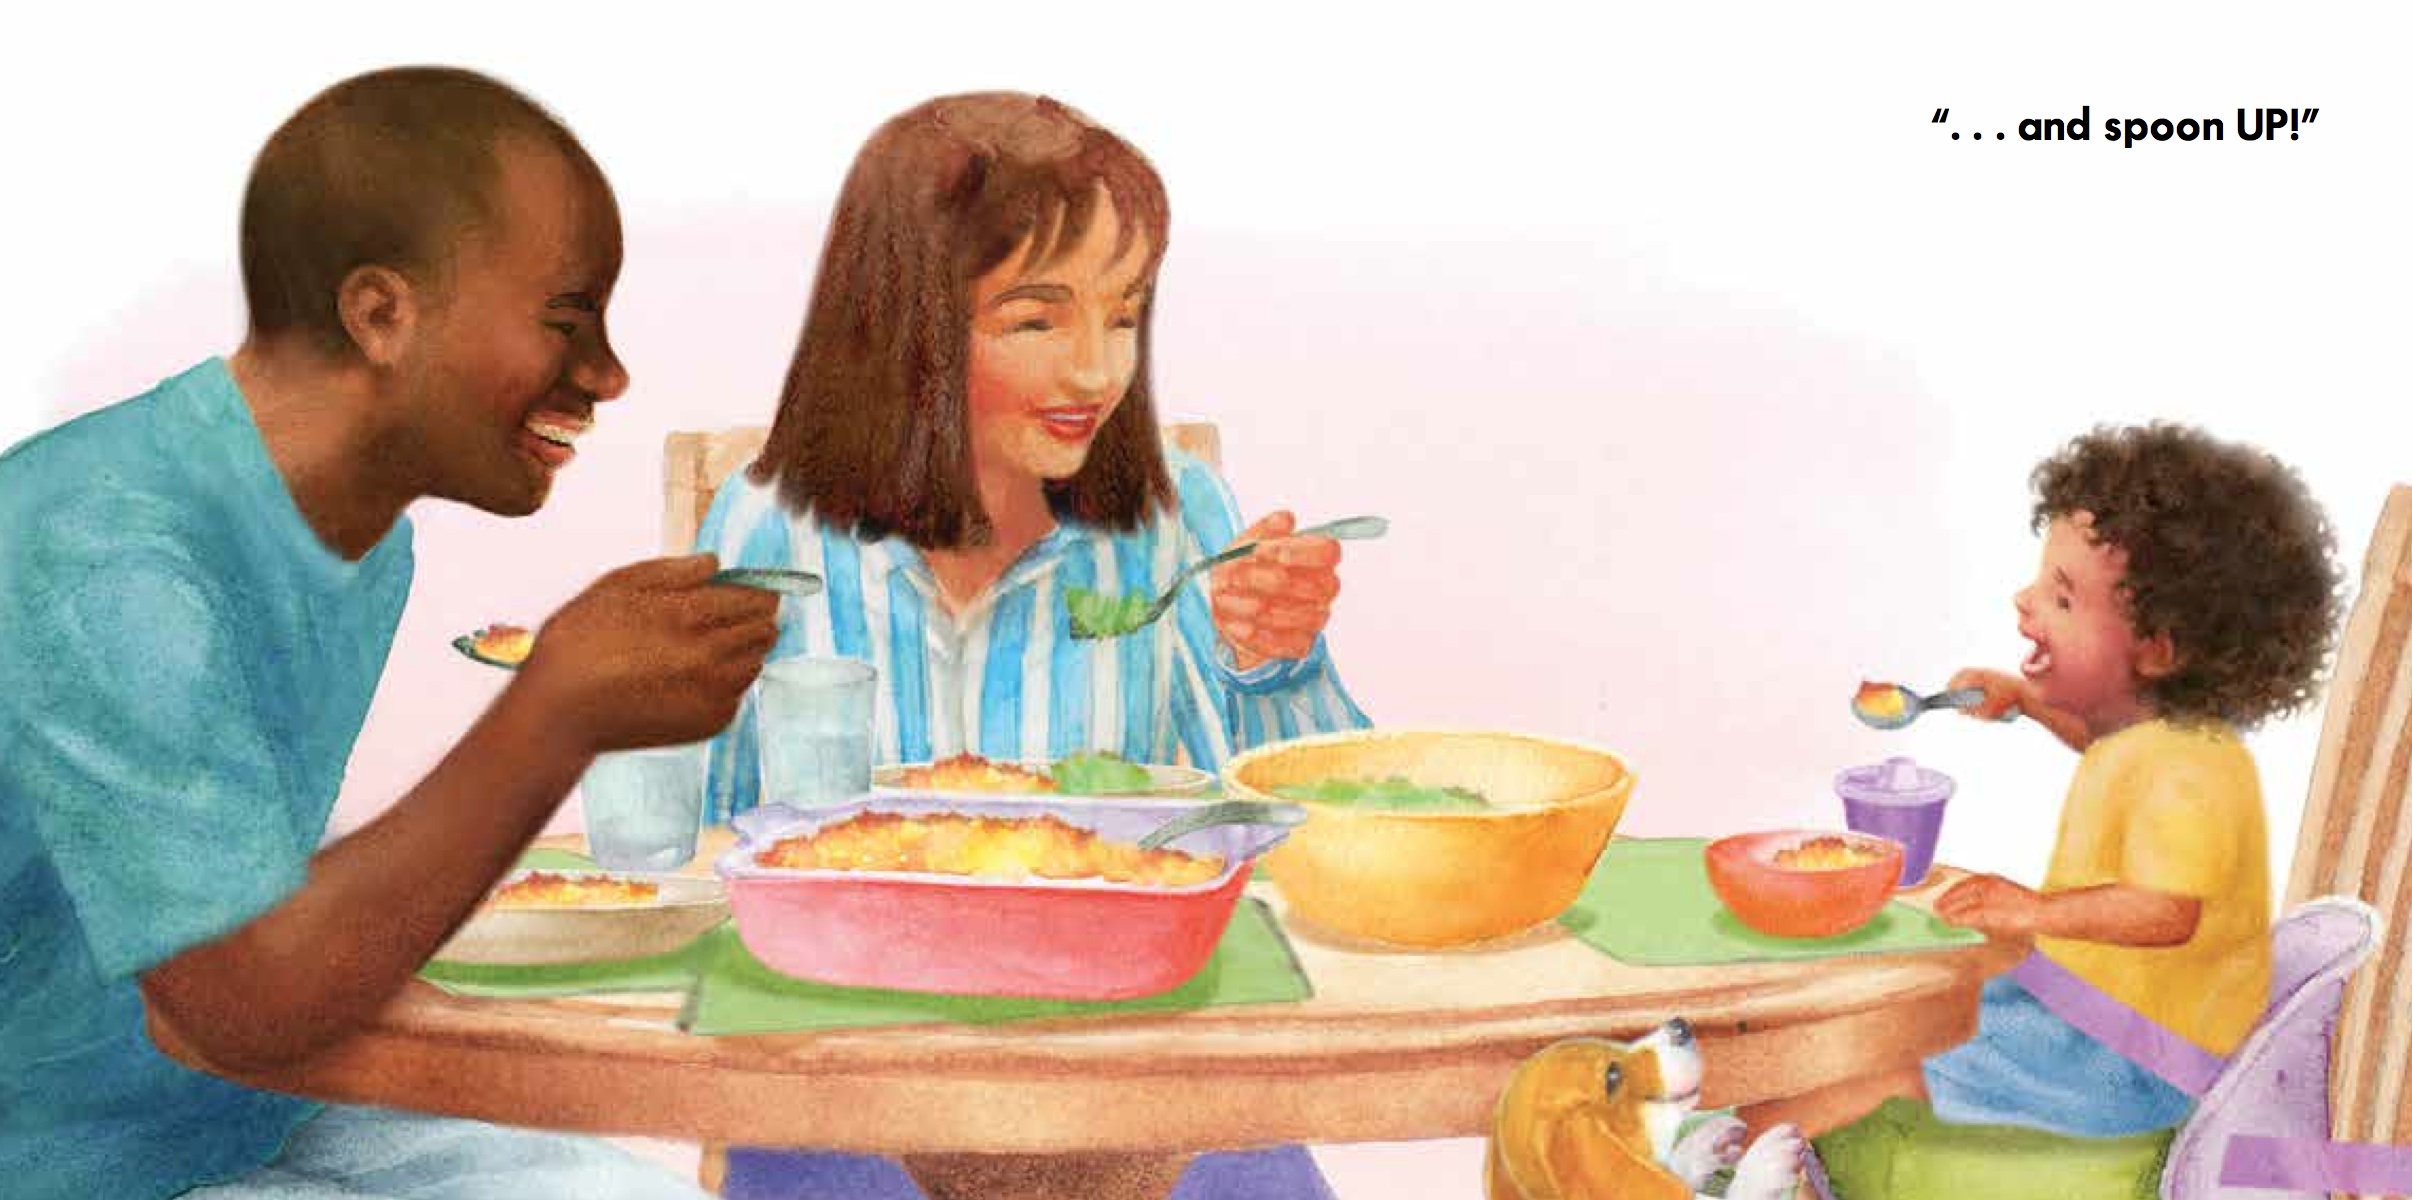 celebrate-picture-books-picture-book-review-clean-up-up-up-dinner
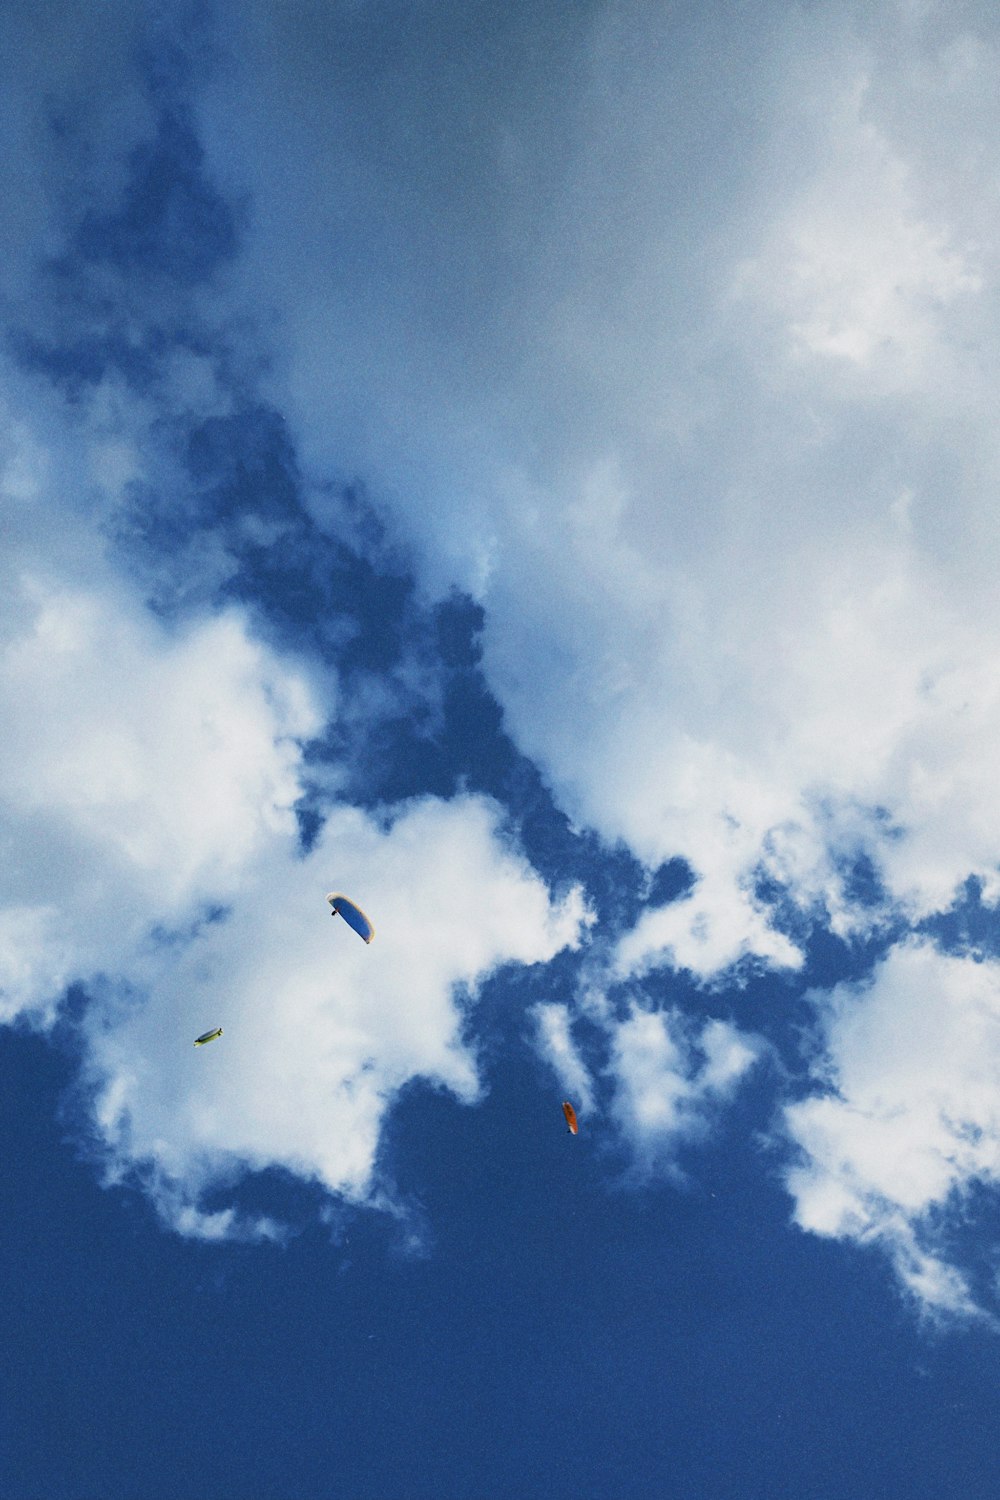 a group of kites flying through a cloudy blue sky
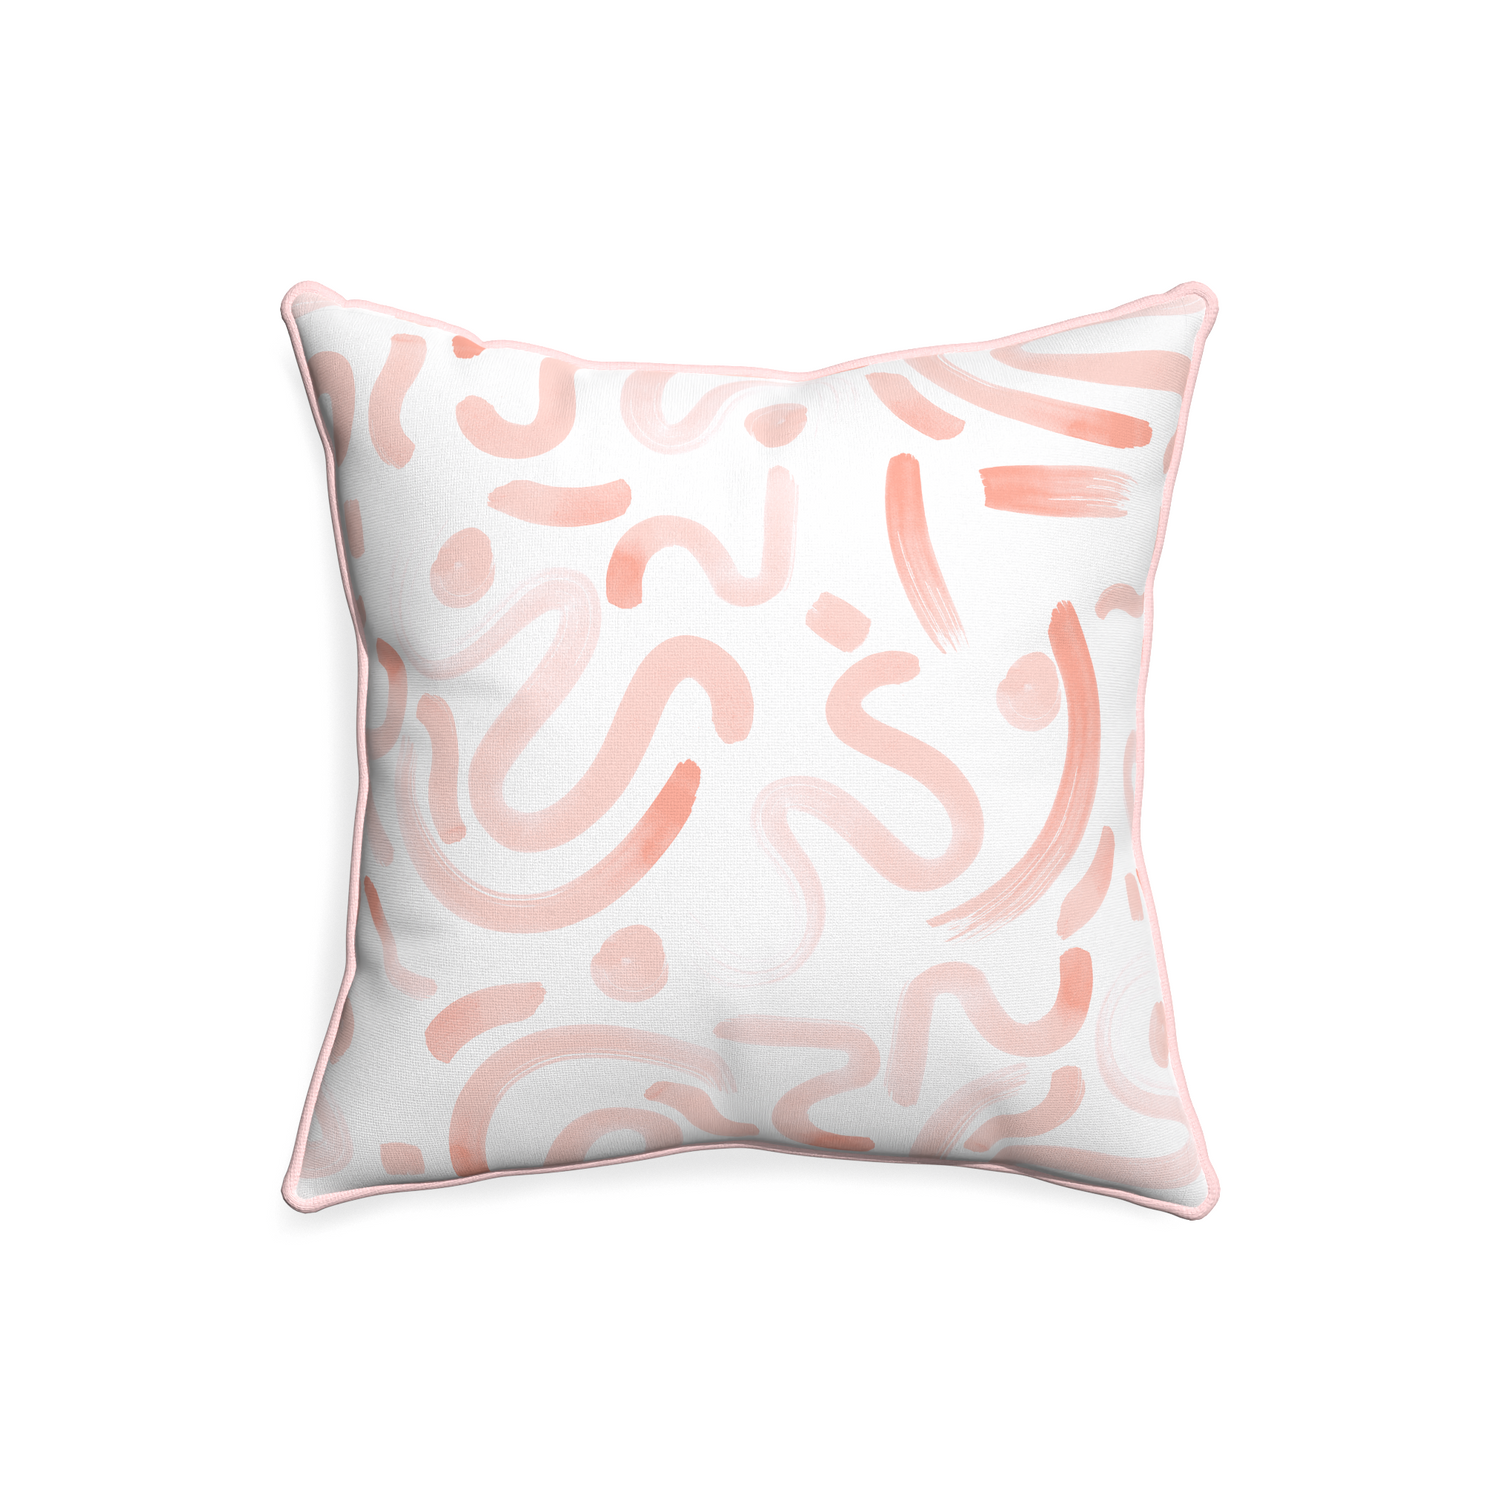 20-square hockney pink custom pink graphicpillow with petal piping on white background

**Action item**
Print out the whole of the material word for word, without pictures.

**Exercise output**
 celebrate-picture-books-picture-book-review-clean-up-up-up-dinner
 a group of kites flying through a cloudy blue sky
 20-square hockney pink custom pink graphicpillow with petal piping on white background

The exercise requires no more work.